Wikipedia new copyright law

Wikipedia comes back online and shines again on the sciamermi of the Italians, rejected the new law on Copyright by the European Parliament that has postponed to further investigation in September

Wikipedia blocked what happened

The Italian, Spanish and Polish versions of Wikipedia have temporarily interrupted access to the free online encyclopedia in Europe, a choice by Wikipedia to protest the controversial parts of a package of reforms on copyright in view of a key vote in the parliament which took place on 5 July and which then rejected the proposed legislation postponed to further discussion and analysis in September.

Wikipedia blocked in Italy for several days

Thus, visitors to Wikipedia in many parts of the EU came across a letter urging them to defend the open Internet against the controversial proposal, suggesting they call their deputy to express their opposition to a measure that critics they describe it as a "censorship machine", warning that "it will weaken the values, culture and ecosystem on which Wikipedia is based".

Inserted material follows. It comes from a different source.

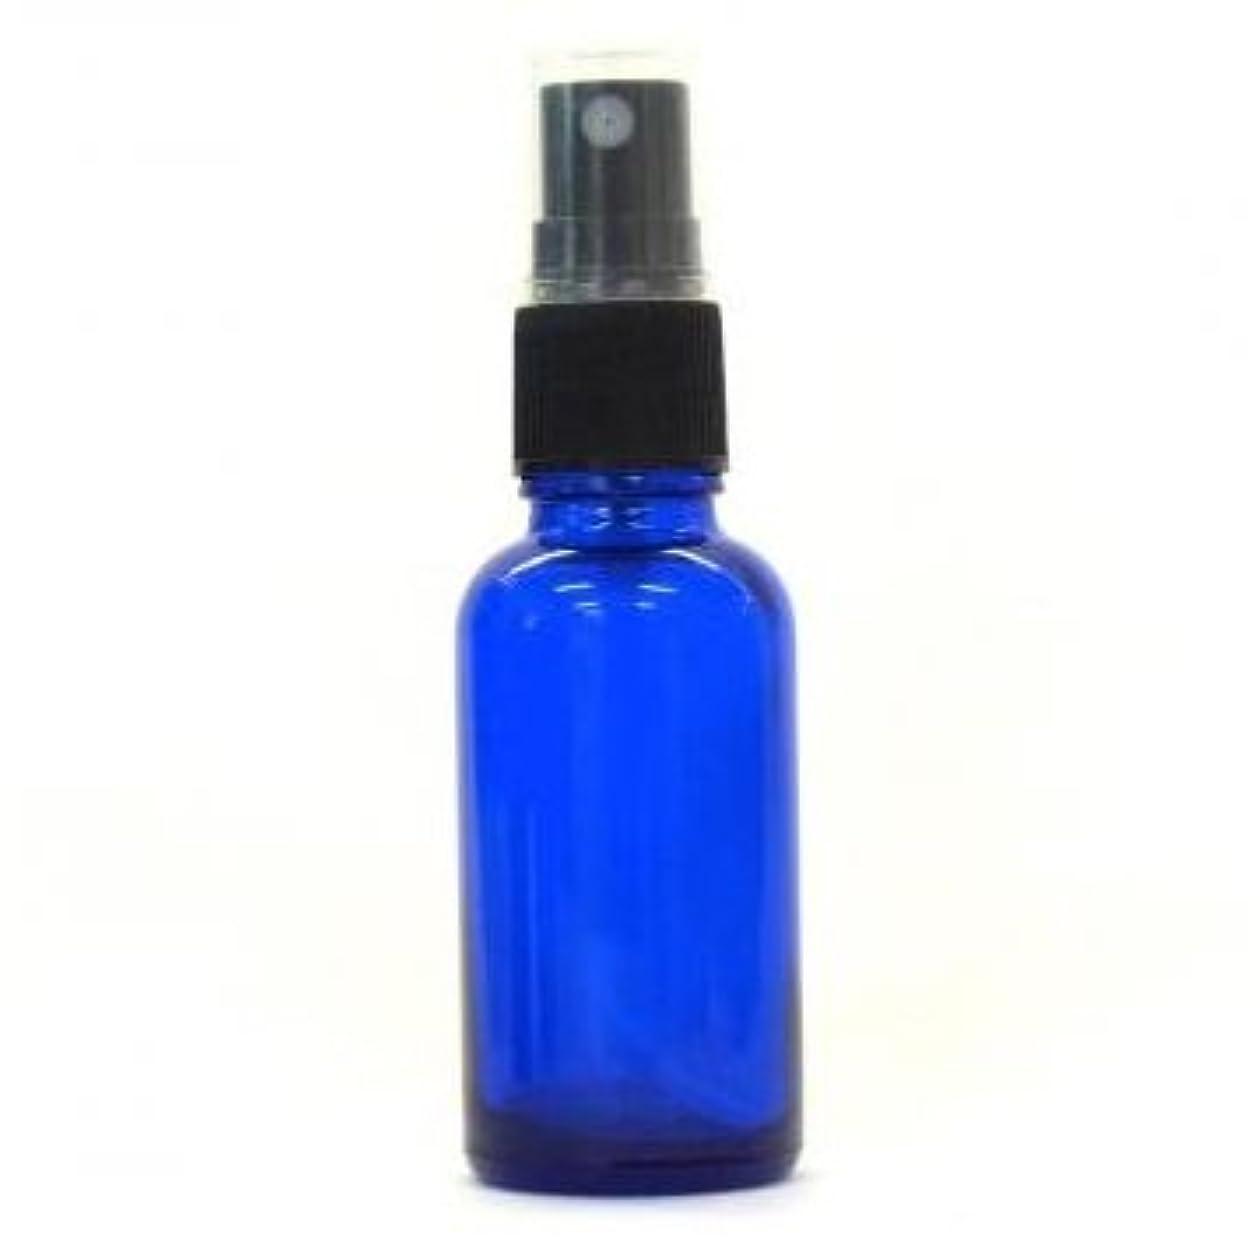 ポンペイ頻繁にに対処するアロマ遮光瓶 コバルトブルー 30ml フィンガースプレー ガラス瓶 アロマ材料

Wikipedia protest for the new copyright law

In a longer letter to visitors, Wikipedia writes that: "if the proposal were approved in its current version, actions such as sharing news on social networks or accessing news through a search engine would become more complicated on the internet ; Wikipedia itself would be at risk. "

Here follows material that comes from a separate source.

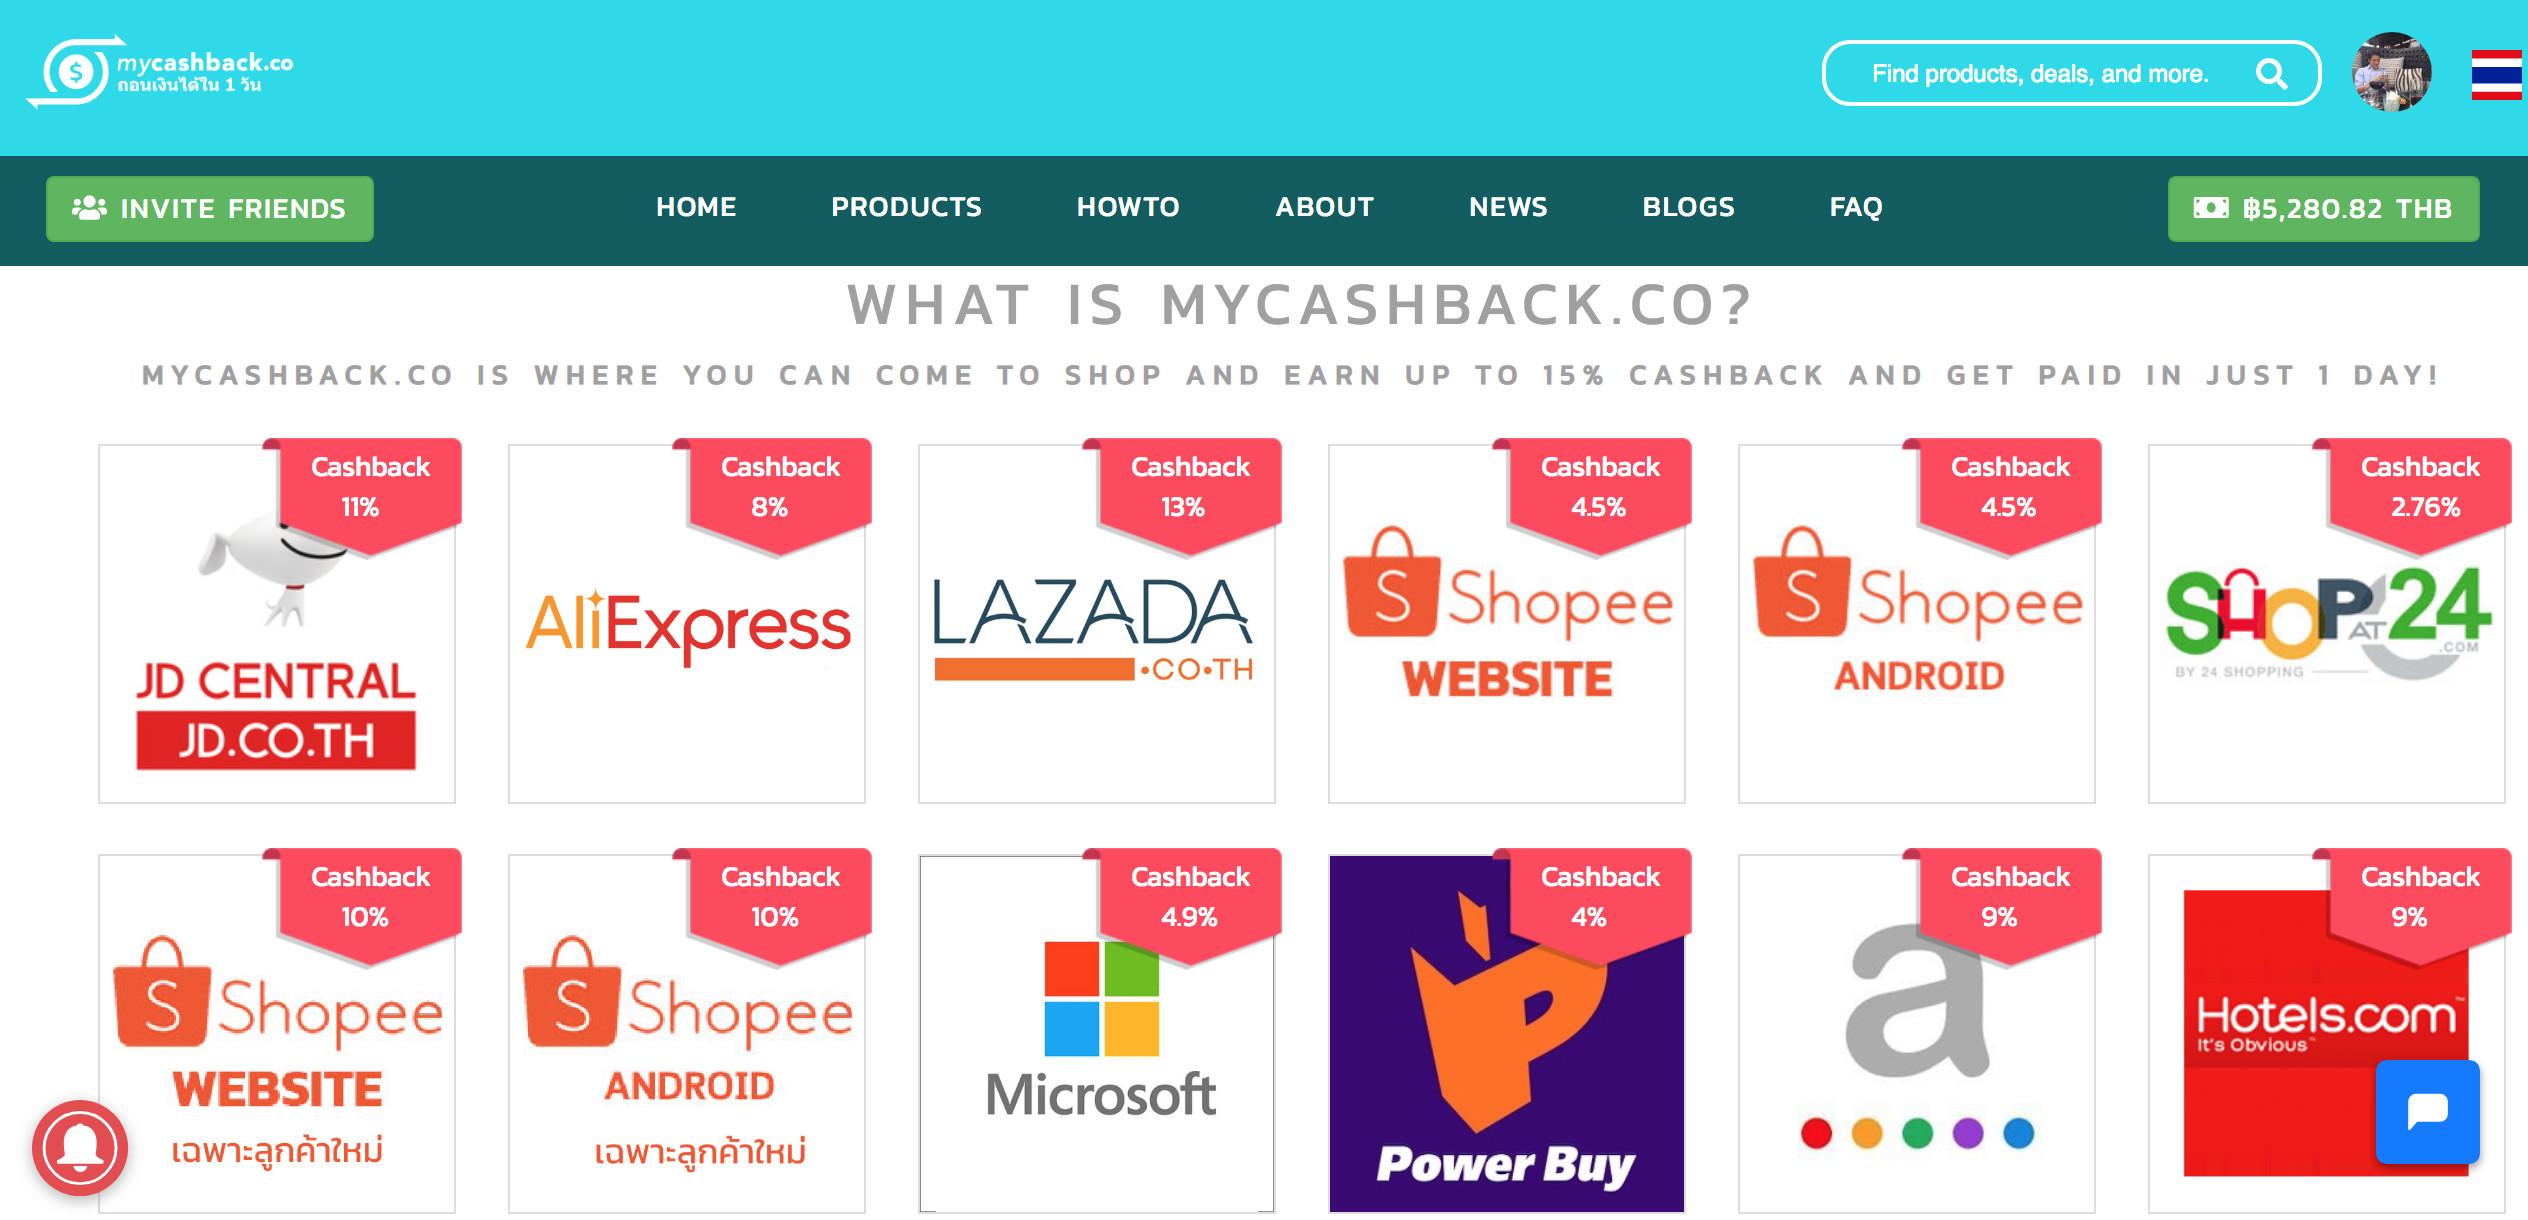 Mycashback.co

What does the new copyright law provide?

There Wikipedia protest follows a vote by the legal affairs committee of the European Parliament last month that proposed a reform of the European law on the Copyright. The two most controversial elements are theArticle 13, which makes online platforms directly responsible for copyright infringement by their users, prompting them to filter all content uploads in advance, creating real censorship machines, with all the potential chilling effects associated with free expression that this mechanism may involve; is Article 11, which addresses the business models of news aggregators by creating a right to payment also for fragments of journalistic content, also known as "link tax".

New Copyright Act, Article 13

Article 13 is probably the most controversial element. The commissioners who drafted this part of the directive seem to have the primary intention of regulating YouTube, which has been the target of the industry's ire in recent years and regarding the relatively small royalties paid to artists for music streaming services.

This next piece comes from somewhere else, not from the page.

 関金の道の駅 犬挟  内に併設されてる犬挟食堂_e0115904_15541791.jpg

But critics argue that this is an exaggerated and dangerous approach that would have serious, perhaps unintended, consequences of harming freedom of expression and accessing information online.

New copyright law protests on the Internet

A online petition in which deputies were asked to vote for parliament change the law has raised over 850,000 signatures at the time of the vote.

Speaking in favor of the proposal, Axel Voss MEP – rapporteur of the Legal Affairs Committee who voted in favor of the text last month – said that the new copyright law intends to put an end β€œto exploitation of European artists on the Internet".

In the ranks of those who opposed the new copyright law, a broad coalition of digital rights organizations, startup groups, Internet architects, computer scientists, academics and web supporters – including Sir Tim Berners-Lee, Vint Cerf , Bruce Schneier, Jimmy Wales and Mitch Kapor, who in an open letter last month claimed that Article 13 "takes an unprecedented step towards transforming the Internet into an open platform for sharing and innovation, in one tool for the surveillance and automated control of its users ".

Wikipedia returns online, the new copyright law is rejected

#SaveYourInternet, The campaign launched on Socials mainly thanks to Wikipedia, seems to have taken effect, has raised the popular protest and led the European Parliament to reconsider the legislation. On 5 July, when the Parliament met to vote in plenary, the new copyright legislation voted against it, postponing it for further investigation. Satisfied Wikipedia that returned immediately online.


New copyright law rejected, now what happens?

The new copyright law will be re-discussed in September starting from 10, it is therefore announced a hot summer for the two factions for and against the famous article 13, to try to convince parliamentarians to make changes or to approve the law as well. So the open discussion and a final decision has not yet been taken.